Yesterday, Google announced, via the Google Mobile Blog, a host of updates to Google Maps for its Android operating system, bringing some features up to par with Maps for the iPhone while bringing some all-new features to the table as well. With the iPhone 3G S hitting the pavement Friday and more smartphones and netbooks choosing Android as their OS of choice, a thorough navigation of the new features is in order.
One significant update to Android Maps is the addition of walking and public transit directions, helping pavement-pounders find the shortest possible pedestrian routes while also mapping the most effective routes by buses, trains and subways in more than 250 cities. But Maps for iPhone has included this feature for some time, so it was high time Android Maps leveled the playing field in this respect.
Android tips the scales in its favor, however, with Latitude, Google's real-time friend-finding app that plots other Latitude users' positions via Google Maps. Latitude was already supported on Android and Windows Mobile platforms, but the most recent Android update fixes some bugs, making the process of keeping tabs on everybody all the time slightly less tedious by ensuring that phones signed into Latitude never stop updating their locations. Taking Latitude a step further, the Android update includes an experimental social feature called Updates that allows users to post comments to their Latitude map locales. Latitude is in the works for the iPhone and iPod Touch, but for now Android Maps has the edge over its Apple counterpart.
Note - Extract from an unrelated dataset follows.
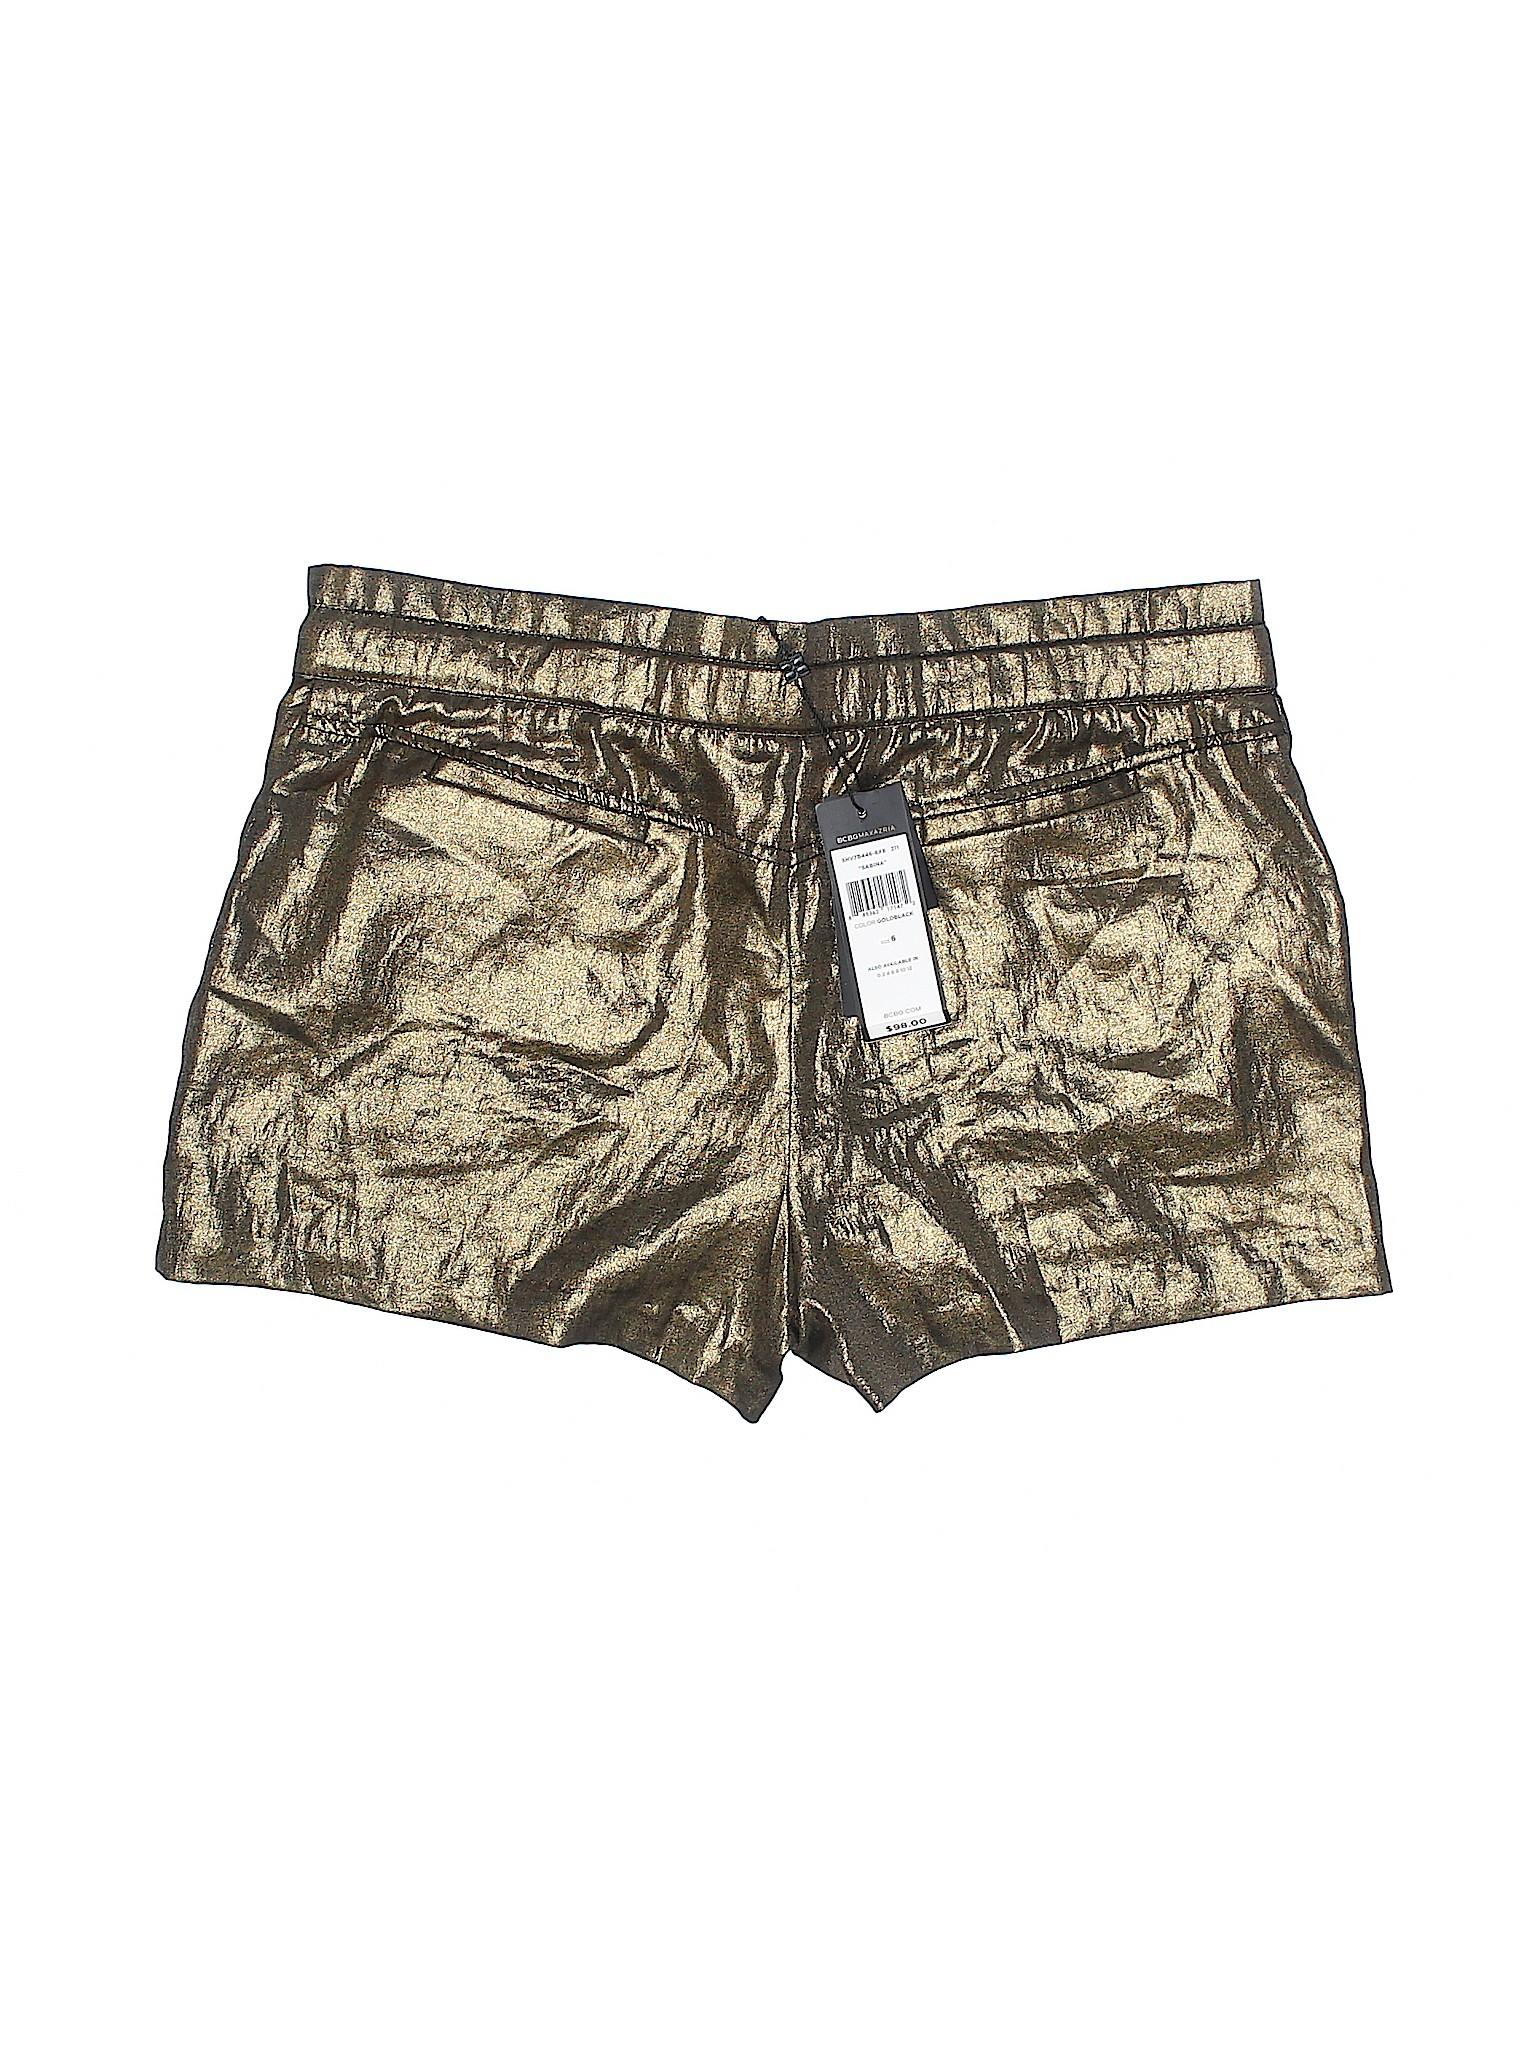 Boutique Shorts BCBGMAXAZRIA Shorts Boutique BCBGMAXAZRIA Shorts BCBGMAXAZRIA Boutique q4ISf0gxw

The capstone of the Android update is the voice-command feature added to Google Maps. Users can search Maps by simply speaking an address or location into Android-equipped phones, making the cumbersome walk-and-type method of mapping/stumbling a thing of the past. The iPhone 3G S is voice capable—one of its key features is voice-activated calling and iPod controls—but earlier incarnations of the iPhone are not voice-command capable without the aid of third-party apps. Points again go to Android for making Maps, one of the handiest features of the modern smartphone, a bit more efficient to use.
But one aspect of the iPhone 3G S that most other phones cannot touch is the digital compass that is integrated into Maps for iPhone. The newest iPhone will know its orientation in space, and Google Maps will rotate on screen to match the actual direction the phone is facing, vastly simplifying navigation in unfamiliar settings. But Apple was not the first to mount a digital compass in its hardware. The T-Mobile G1, the first Android-powered phone, has a digital compass as well, and future Android-supported phones are sure to follow suit. Using the same technology, Android also supports the SkyMap app, available for free from the Android Market. SkyMap provides a real-time map of constellations and planets, showing you the relevant names and information when pointed at the sky. You can even tell it to search for a celestial body, and it will point you toward where Mars (for example) is at this moment.
The compass gives Apple a slight upper-hand in some respects, because most phones (the G1 notwithstanding) don't have it, and there's not telling when it might become more or less standard. That is, the iPhone 3G S holds a hardware advantage over most cell phones currently on the market. Most of Android's advantages, on the other hand, are software-related; the voice capable iPhone 3G S could support voice commands for Google Maps with the right software update, and Google is already developing Latitude for Apple products. So which Google Maps offering is superior? The answer seems to be Android. But that could certainly change at any moment.